**THE PROBLEM:**
Starting from the line that holds "I Like Mike's", print every line through the end of the records, first and last included.

**DATASET RECORDS:**
· · · · · · ·

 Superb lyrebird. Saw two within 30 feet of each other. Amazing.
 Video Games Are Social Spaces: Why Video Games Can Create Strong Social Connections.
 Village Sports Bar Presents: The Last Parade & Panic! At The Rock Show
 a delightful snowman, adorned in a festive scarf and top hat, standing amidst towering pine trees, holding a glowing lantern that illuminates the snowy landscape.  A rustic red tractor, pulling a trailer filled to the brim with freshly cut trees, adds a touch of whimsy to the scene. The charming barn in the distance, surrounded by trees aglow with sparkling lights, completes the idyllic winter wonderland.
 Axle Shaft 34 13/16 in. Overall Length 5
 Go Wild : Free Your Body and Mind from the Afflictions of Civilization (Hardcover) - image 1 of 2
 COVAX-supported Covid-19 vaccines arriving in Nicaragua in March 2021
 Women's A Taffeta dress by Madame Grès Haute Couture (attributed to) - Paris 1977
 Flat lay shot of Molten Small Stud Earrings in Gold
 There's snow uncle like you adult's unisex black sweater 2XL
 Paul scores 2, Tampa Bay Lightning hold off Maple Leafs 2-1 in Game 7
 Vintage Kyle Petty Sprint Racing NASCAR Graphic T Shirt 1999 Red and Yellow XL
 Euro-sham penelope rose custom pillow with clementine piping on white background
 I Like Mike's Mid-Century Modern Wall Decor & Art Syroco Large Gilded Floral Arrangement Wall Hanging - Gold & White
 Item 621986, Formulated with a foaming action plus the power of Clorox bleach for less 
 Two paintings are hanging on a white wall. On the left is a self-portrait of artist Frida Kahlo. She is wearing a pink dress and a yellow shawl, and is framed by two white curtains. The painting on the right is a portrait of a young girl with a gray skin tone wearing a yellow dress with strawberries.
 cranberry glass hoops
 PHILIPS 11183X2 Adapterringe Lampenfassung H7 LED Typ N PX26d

· · · · · · ·

**OUTPUT OF THE TASK:**
 I Like Mike's Mid-Century Modern Wall Decor & Art Syroco Large Gilded Floral Arrangement Wall Hanging - Gold & White
 Item 621986, Formulated with a foaming action plus the power of Clorox bleach for less 
 Two paintings are hanging on a white wall. On the left is a self-portrait of artist Frida Kahlo. She is wearing a pink dress and a yellow shawl, and is framed by two white curtains. The painting on the right is a portrait of a young girl with a gray skin tone wearing a yellow dress with strawberries.
 cranberry glass hoops
 PHILIPS 11183X2 Adapterringe Lampenfassung H7 LED Typ N PX26d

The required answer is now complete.